:: What to do ::
Exactly as they appear below, repeat the lines from the one with "Super 80 Aircraft Seating Chart" through the one with "Pomarańczowo beżowa łazienka". Drop every picture.

:: Information provided ::
____

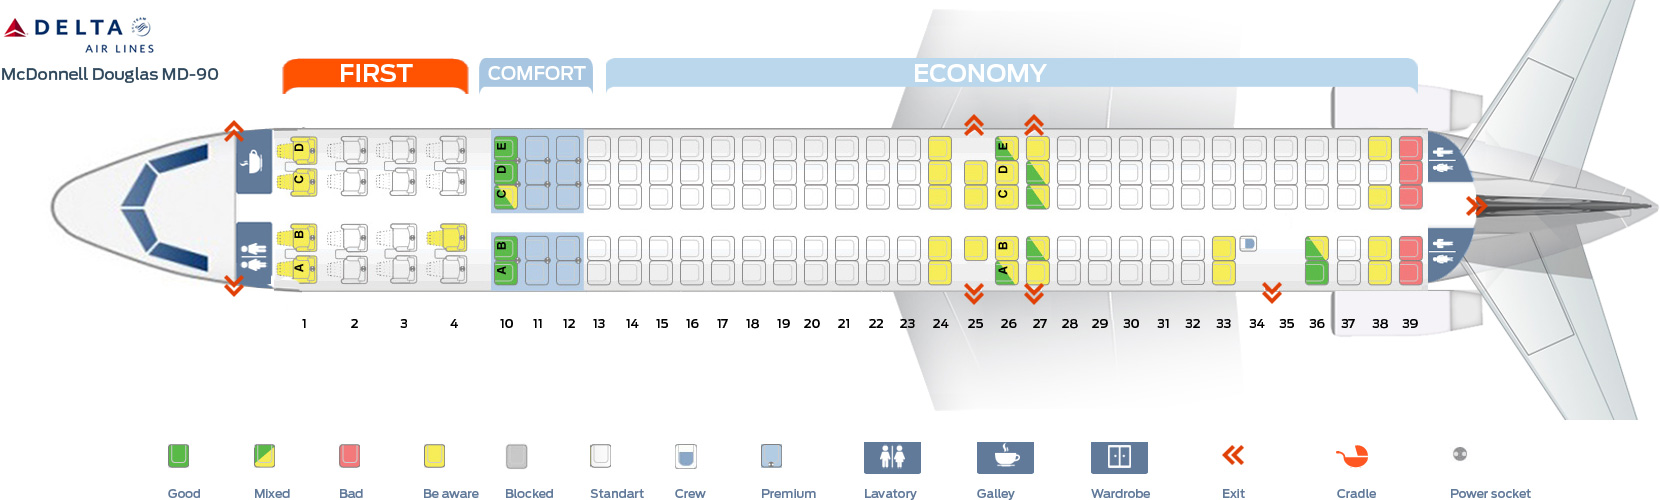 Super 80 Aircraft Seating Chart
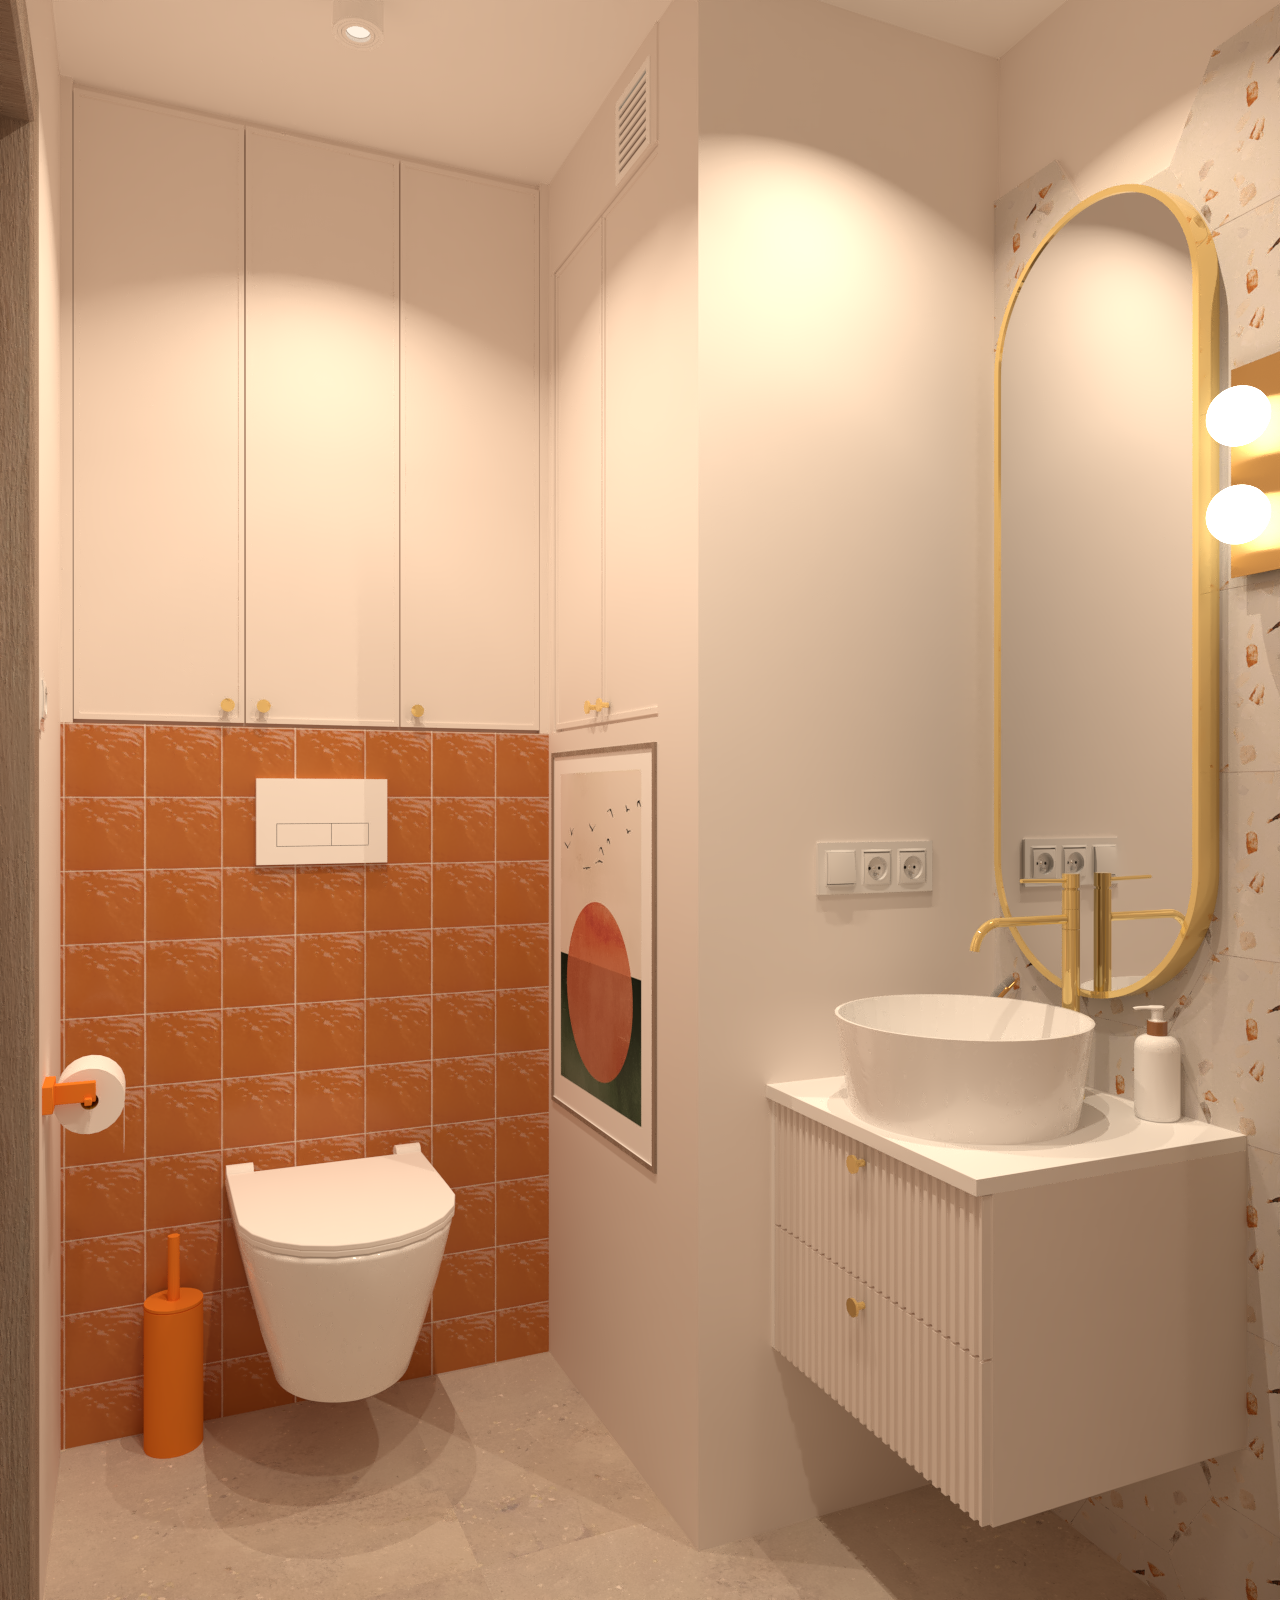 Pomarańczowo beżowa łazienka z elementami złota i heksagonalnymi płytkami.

____

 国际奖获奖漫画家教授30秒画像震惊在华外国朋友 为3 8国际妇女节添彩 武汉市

____

:: Response to this task ::
 Super 80 Aircraft Seating Chart
 Pomarańczowo beżowa łazienka z elementami złota i heksagonalnymi płytkami.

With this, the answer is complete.